Роман присаживается на корточки, его тошнотворный взгляд задерживается на теле Антонио.
— Я хочу его позвоночник, — бормочет он, от мрачности в его тоне по моей коже пробегают мурашки.
— Ооооооокей, — медленно произношу я, отворачиваясь от почти мертвого тела и начиная поиски языка. — Это стало слишком странным для меня. Я ухожу.
И вот так я заканчиваю разговор, зная, что приятная часть закончена, и когда я обнаруживаю, что окровавленный язык беспорядочно разбросан по комнате, я слышу раздраженный тон Леви, который что-то бормочет себе под нос.
— Черт возьми, он мертв. Я хотел хоть раз почувствовать, как бьется его сердце в моей руке, прежде чем раздавить его.
12
Банка с измельченным языком болтается у меня в руке, и я стараюсь сдержать рвотные позывы, но, если честно, это трудно сделать из-за того, как Роман вел машину обратно в замок, а эта штука подпрыгивала в банке, как будто у нее была своя жизнь… ну, я думаю, когда-то была. В любом случае, это чертовски отвратительно, и после того, через что Роман и Леви заставили меня пройти, я едва могла поверить, когда они отказались подержать его для меня.
Эти чертовы придурки.
Я почти ненавижу себя за то, что наслаждаюсь сегодняшним вечером, но списываю это на сильные обезболивающие, которые пульсируют в моем организме. Я уверена, что если бы мой разум был ясен, я бы увидела ужас, который творился вокруг меня, вместо того, чтобы поощрять его. Черт возьми, вид блеска в глазах парней чуть не вывел меня из себя. Видеть их в своей стихии, доминирующими и расставляющими свои ловушки, чтобы нагнуть семью ДеАнджелис, — это не что иное, как самое горячее зрелище, которое я когда-либо видела. Это настоящий позор, что они кучка психованных язычников, иначе я бы позволила себе по-настоящему влюбиться в таких волевых, могущественных мужчин. Знаете, не принимая во внимание тот факт, что они меня пытали. Это как бы убивает атмосферу.
Дверь “Эскалейда” закрывается за мной, и когда я возвращаюсь в замок, пытаясь не обращать внимания на баночку в руке, мой болезненный живот напоминает мне, что прошло слишком много времени с тех пор, как я накачивала себя обезболивающими. Мне следовало поесть и залечить раны, прежде чем вылезать из постели и трахаться с Маркусом. Но что я могу сказать? Вечер был волнующим. На мгновение это заставило меня забыть, как сильно я их ненавижу. Это было самое близкое к счастью чувство, которое я испытывала за долгое время… Пока мы не сели обратно в машину, и их каменное молчание не вернуло меня к моим мучительным мыслям и воспоминаниям.

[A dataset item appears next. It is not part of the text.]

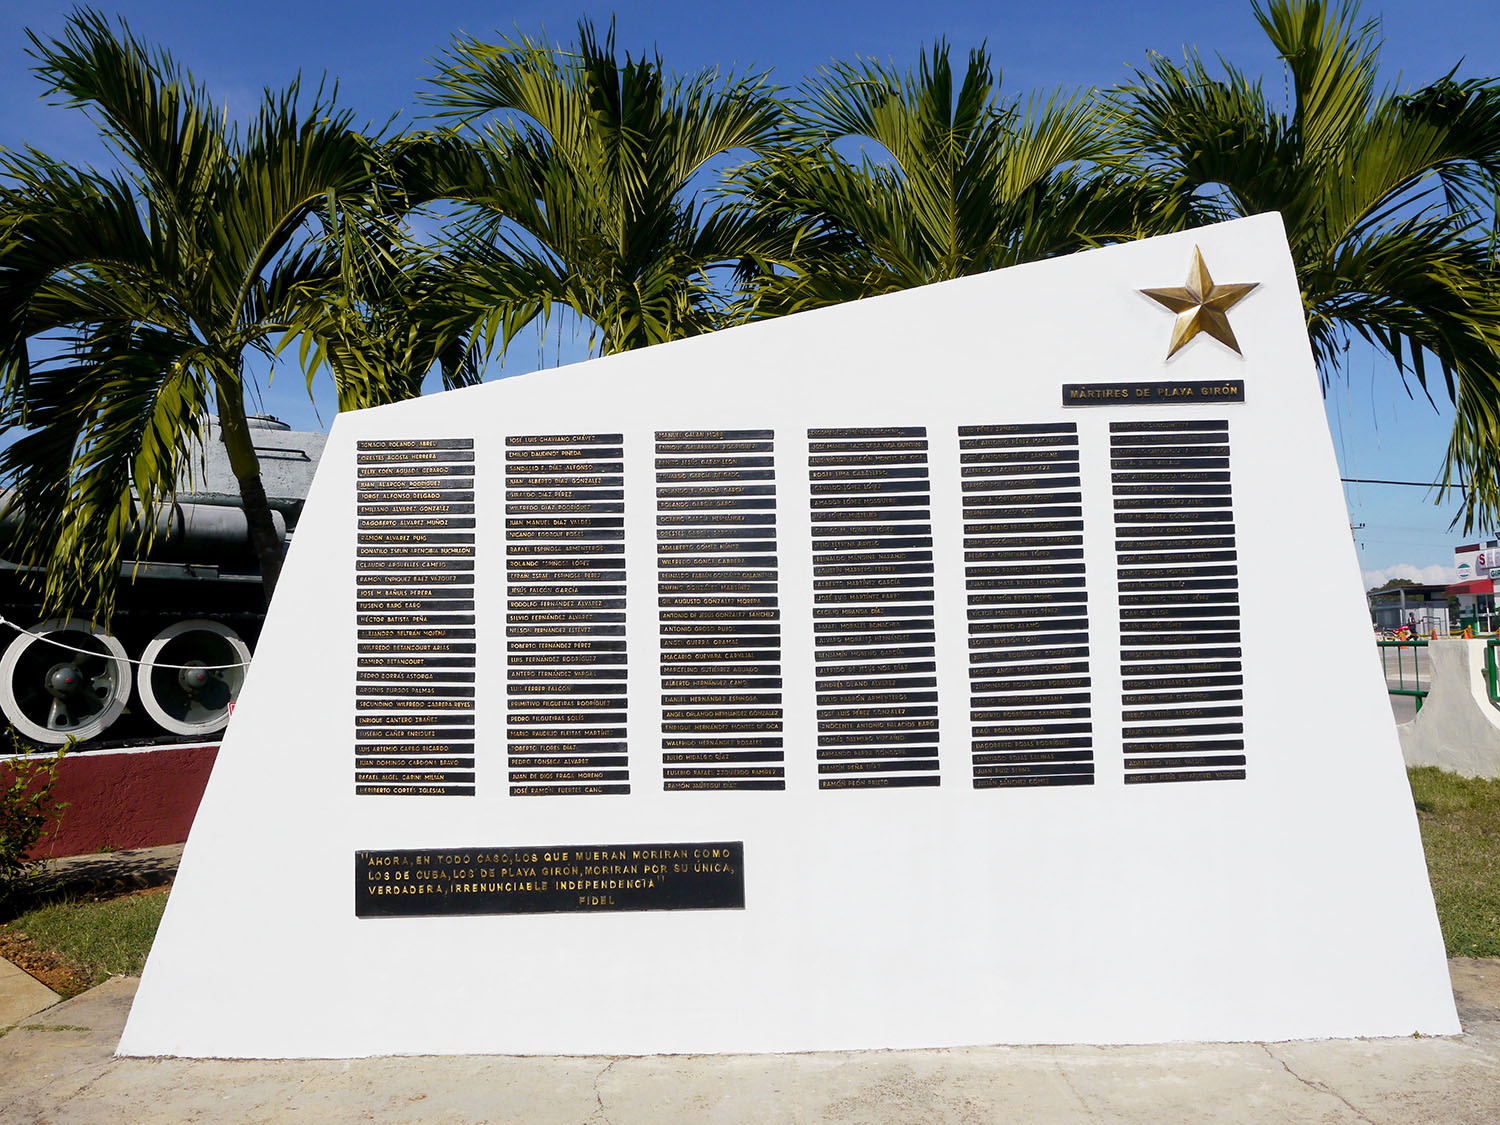 A large white memorial is covered in about 170 gold plaques with the names of Cuban soldiers who died in the Bay of Pigs invasion.

Оставив парней позади себя, с собственными отвратительными трофеями, символизирующий их величайшую победу, я шагаю по огромному замку, полная решимости донести это дерьмо до Маркуса и избавиться от него. Миновав внушительную гостиную, я обнаруживаю Маркуса, сидящего на диване с мрачным выражением на красивом лице. Повернув назад, я упираюсь плечом в стену и смотрю на Маркуса, изучая его боковой профиль, когда он смотрит из окна в кромешную тьму.

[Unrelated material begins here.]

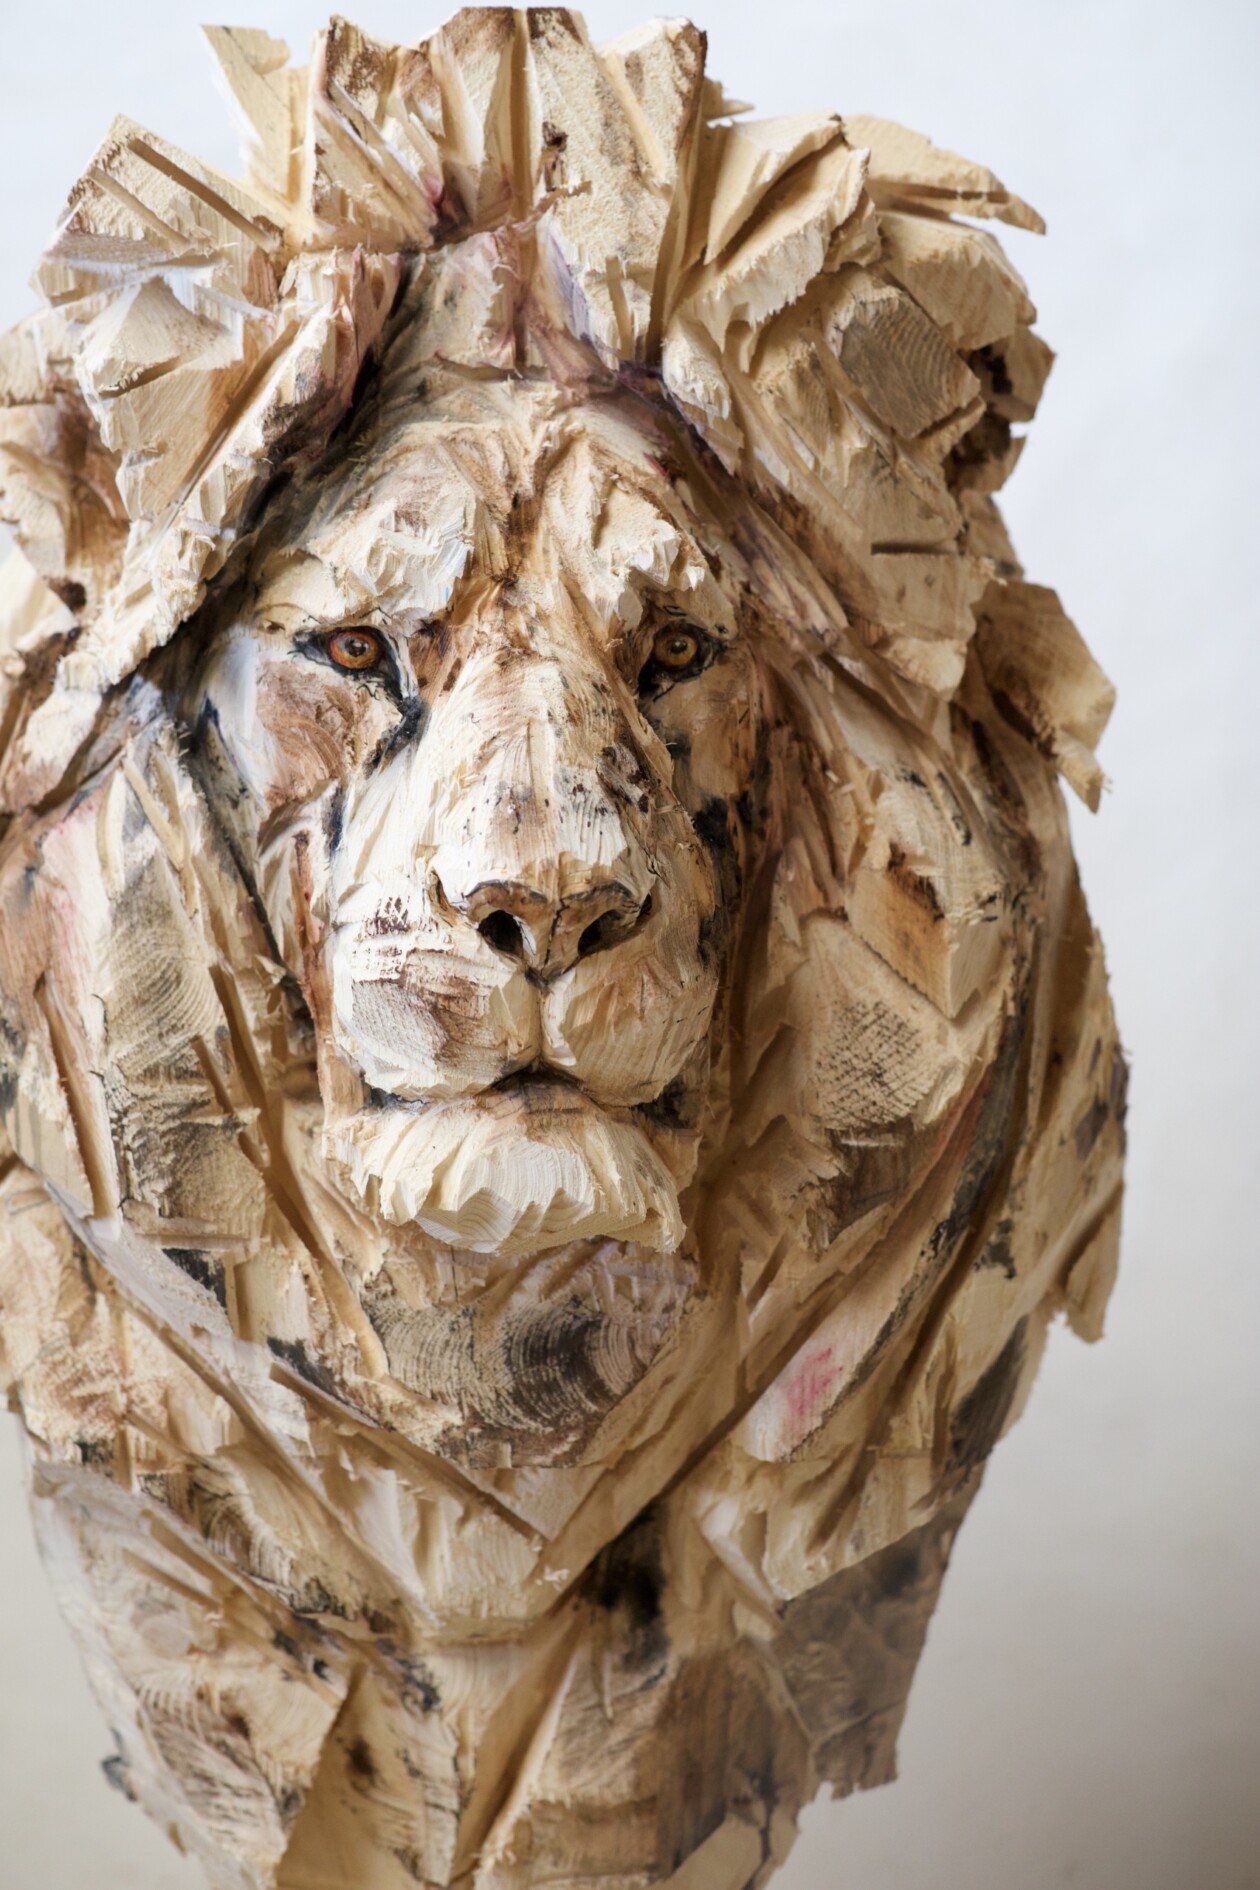 Jürgen Lingl Hand Carves Precise And Textured Figurative Sculptures From Wood (4)

— “Привет, чувак” ("Howdily doodily" — Фраза персонажа из мультсериала "Симпсоны"), — говорю я, застонав про себя в тот момент, когда эти слова прозвучали, понимая, что такой парень, как Маркус, с его воспитанием, скорее всего, не поймет эту фразу.
Мягкий, хриплый смешок срывается с его губ, когда уголок рта чуть приподнимается.
— Толстый Тони всегда был моим любимым.
Я усмехаюсь и иду в гостиную, ставя баночку с языком на кофейный столик перед ним.
— Вау, я не должна удивляться, — говорю я ему, опускаясь рядом с ним, смело беру его руку в свою, прежде чем нежно провести большим пальцем по красному шраму, который я оставила на его теплой коже. — Я думала, что тебе больше понравился бы Шестерка Боб.
— О, это так, — говорит он, его губы приподнимаются еще чуть-чуть. — Шестерка Боб всегда говорил так, как Тони никогда не мог, но у Тони была такая сила, о которой Боб мог только мечтать. Это игра власти, детка. Чтобы стать могущественным, нужно объединиться с силой, иначе в итоге окажешься со своим гребаным языком в банке.